それからモーニングセットの種類まで多数用意するおばあちゃんには呆れてしまう。
だって、モーニングセットは……。
洋食と和食両方ある。
洋食は定番のトーストセットからピザトーストセット、ホットドッグセット、ワッフルセットなどがある。例えばトーストセットだけでも何種類もあって、ゆで玉子つき、アイスクリームつき、チョコレートつきなど選べるようになっている。
和食も、焼き魚定食、納豆定食、梅子ばあちゃんのオススメ定食などがある。そして、ごはん大盛、普通盛り、少なめなどごはんの量も選べる。
朝から会社に出勤前のサラリーマンやOLなどで賑わう。皆、お家で食べずにここ、『梅子ばあちゃんのゆったりカフェへようこそ!』で朝ごはんを食べているんだね。わたしも、おばあちゃんのように朝の幸せな一時を提供できたらいいな。
忙しい、モーニングの七時から十一時の時間帯が終わると、お昼のランチタイムまでの一時間はわたしは洗い場に入ってお皿などの洗い物をする。大量の洗い物にてんてこ舞いだ。おばあちゃんは、お昼の仕込みに入る。
やっと洗い物が終わったーとばんざーいしたのも束の間で、おばあちゃんの容赦ない「るり子ちゃん、さあさあ、ランチタイムの開始だよ~」に愕然とする。
ランチタイムには、さゆりさんが手伝いにやって来た。まさか、わたし一人で注文受けをするのかなとドキドキしていたので、さゆりさんの顔を見た時には、さゆりさんがまるで天使のように見えた。
「るり子ちゃん、頑張ろうね」
「はい、頑張りましょう」
さゆりさんと二人で気合いを入れる。
またまた、忙しいランチタイムのゴングがカーンと鳴った。
おばあちゃんとさゆりさんとわたしの三人で力を合わせてランチタイムを乗りきった。
わたしは初めてのこともあり、もう目が回りそうで本当に大変だったし、疲れた。何回かミスもしたが、おばあちゃんとさゆりさんが助けてくれた。

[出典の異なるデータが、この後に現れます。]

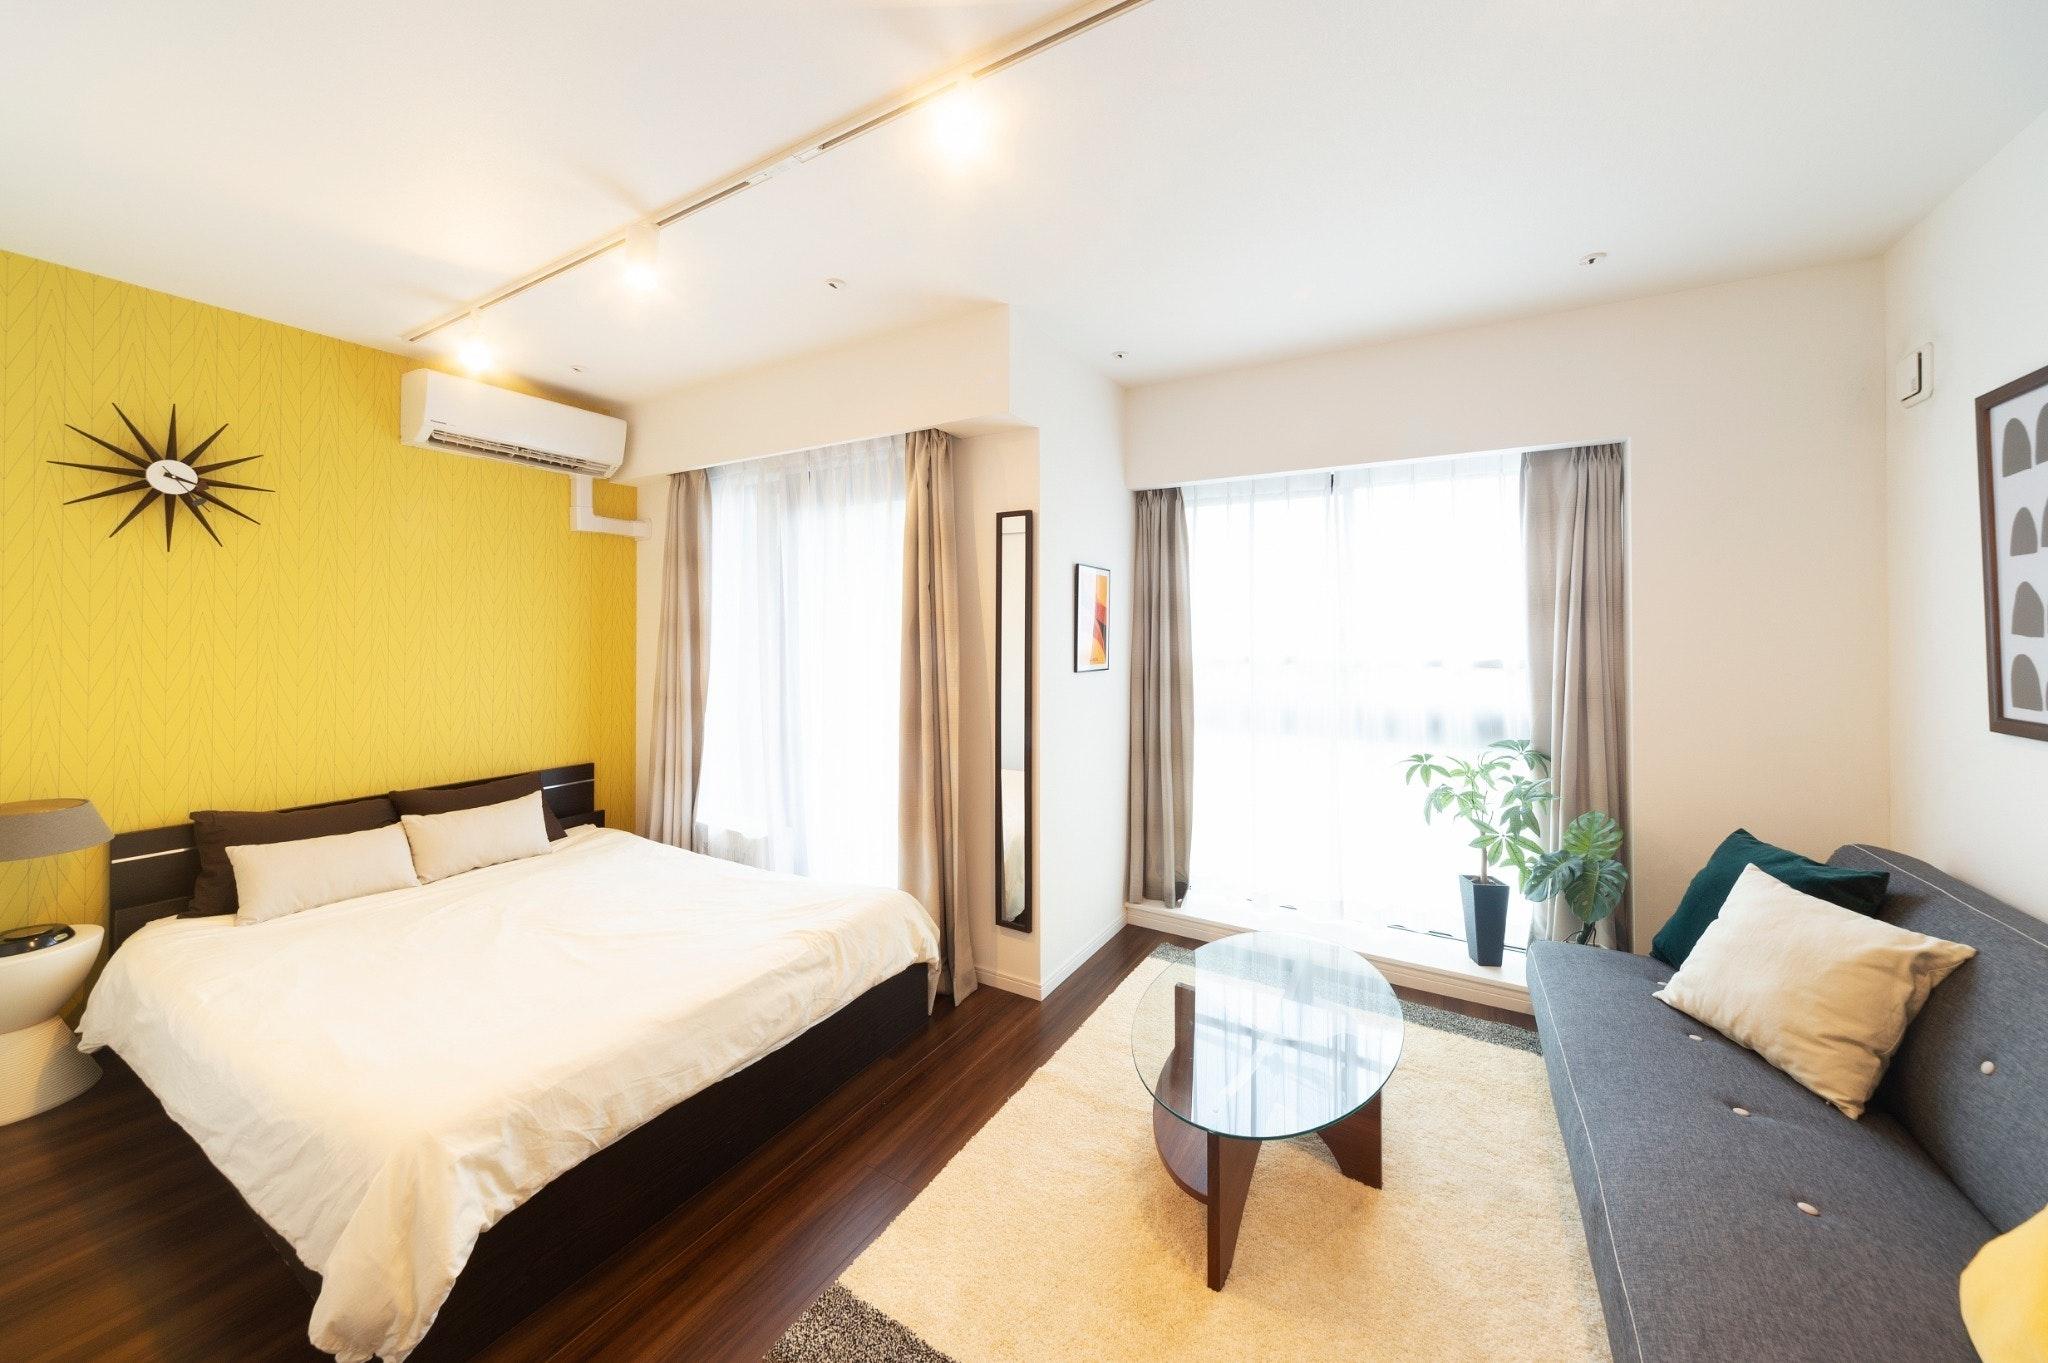 GH301*東中野駅、落合駅徒歩4分、キッチン、洗濯機付きの30平米1Kの住居型ホテル

そして、忙しかったランチタイムも終わり、客足も落ち着いてきたのでお昼の休憩になった。お昼ごはんはおばあちゃんの賄いだ。
アボカドサンドイッチにトマトの豆入りスープが今日の賄いだ。おばあちゃんが作ってくれた賄いはとても美味しい。
まろやかなアボカドサンドイッチに舌鼓を打ちながら疑問に思っていたことをおばあちゃんに尋ねた。

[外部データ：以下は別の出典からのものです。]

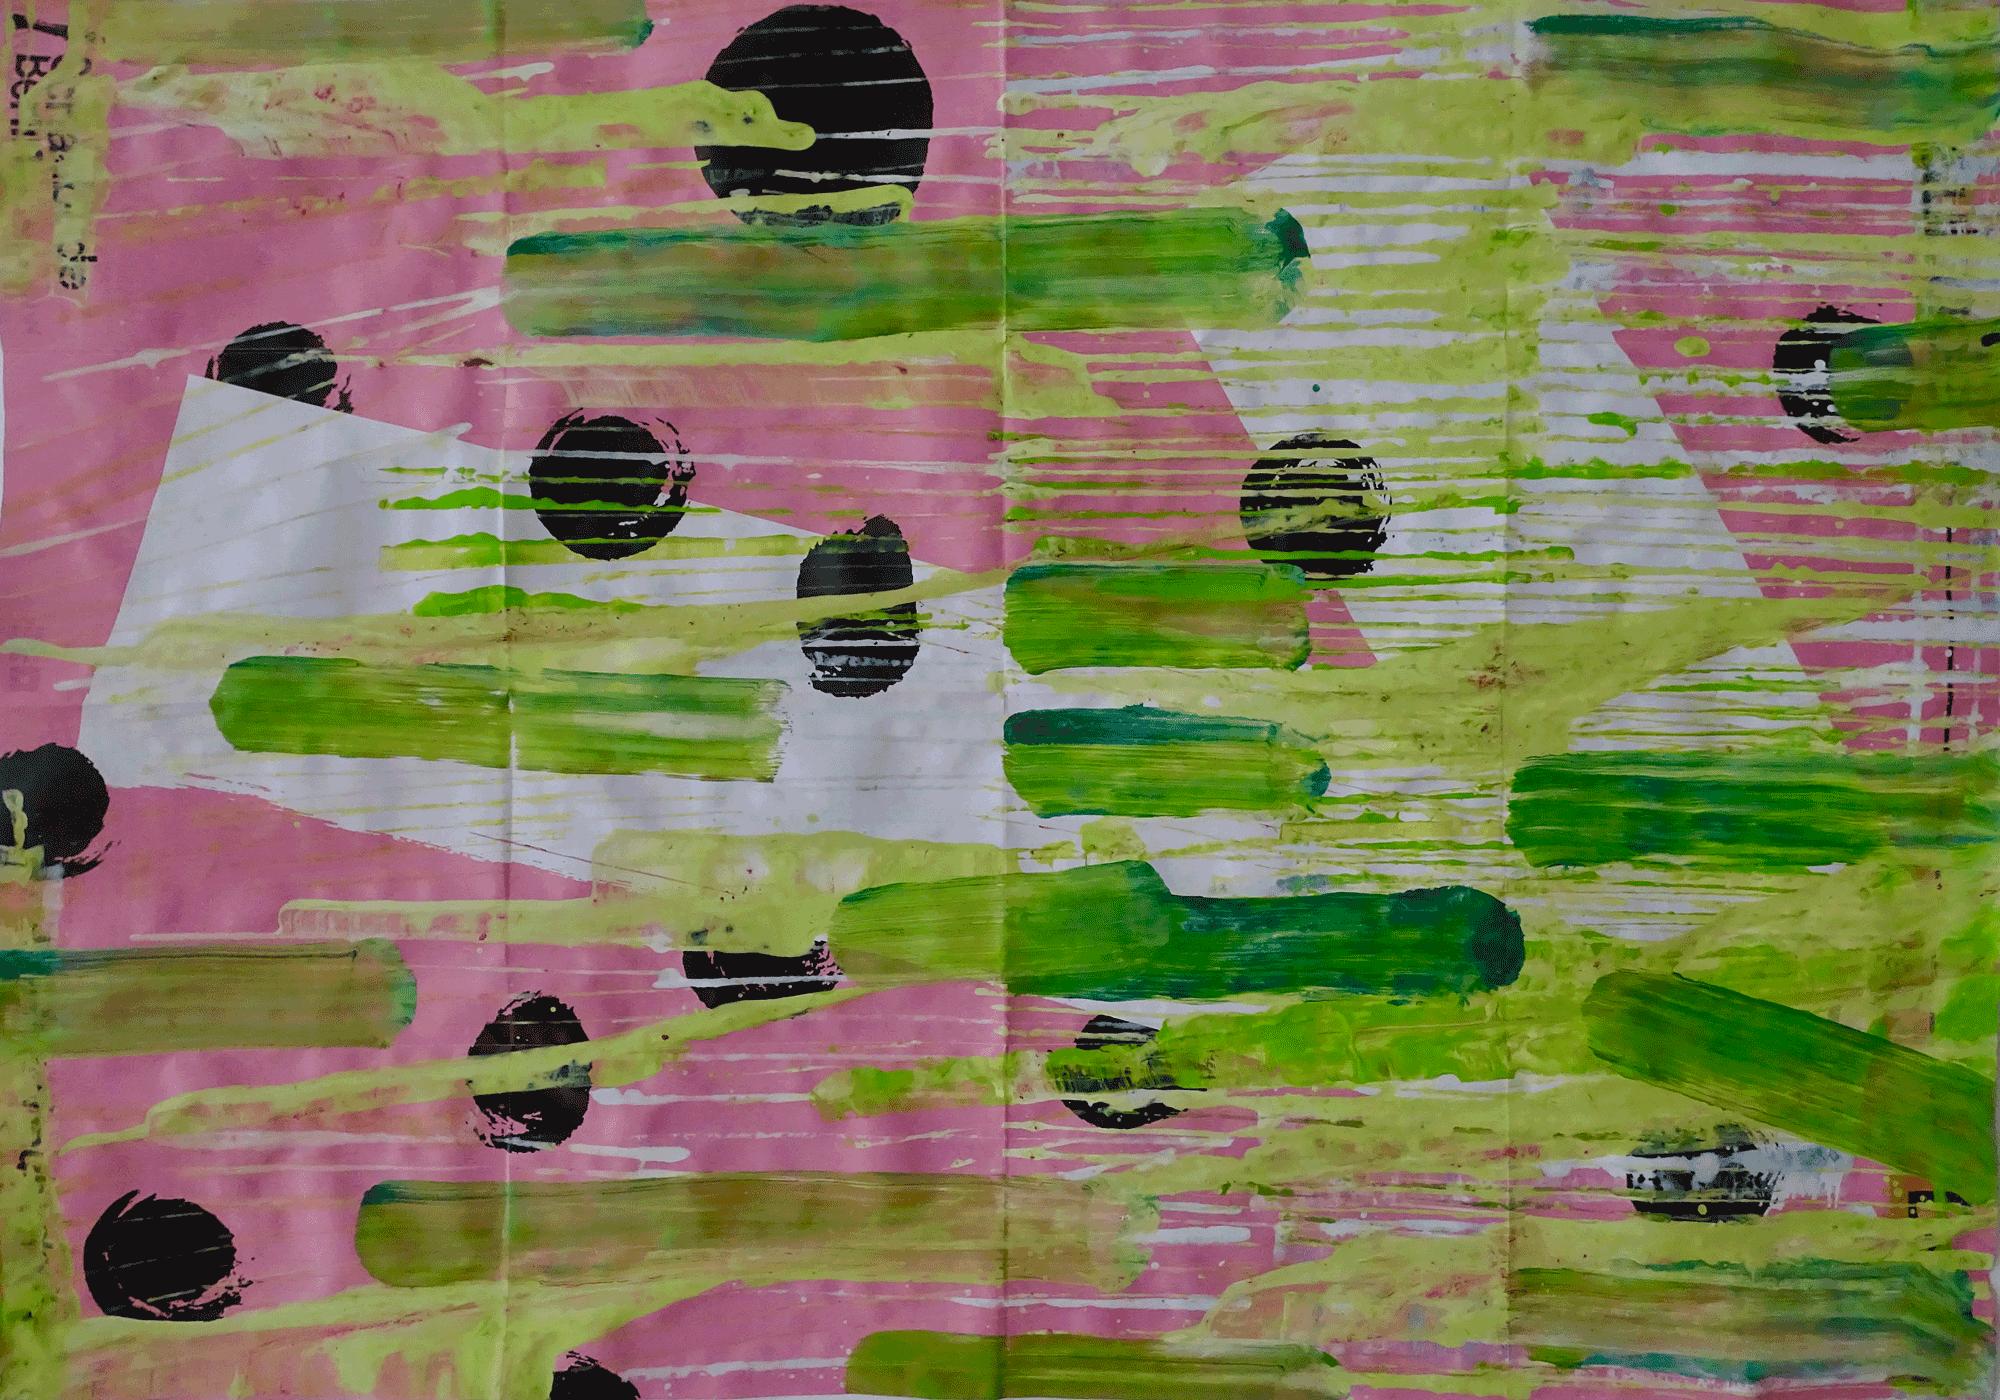 Yvonne Andreini, Springbunny, 2019, 42 x 59 cm, Tusche auf Papier

「ねえ、おばあちゃん、このカフェにはわたしとさゆりさんしか従業員はいないの?」
「るり子ちゃんが来る少し前まではいたのよ……。でも辞めてしまってね」
だよね。こんなにも忙しいのに二人だけなんてことはあり得ないよね。それにしてもおばあちゃんの今の話し方は歯切れが悪い。何故かな?
「お義母さんそうなんですよね。るり子ちゃん聞いて、前に働いてた子、学生さんなんだけど、メニューが多すぎてついていけません~って言っていきなり辞めたのよ。ね、お義母さん」
「そうだったわね……」
おばあちゃんは苦虫を噛み潰したような表情で答えた。
その学生さんの気持ちもなんとなく分かるよ。おばあちゃん。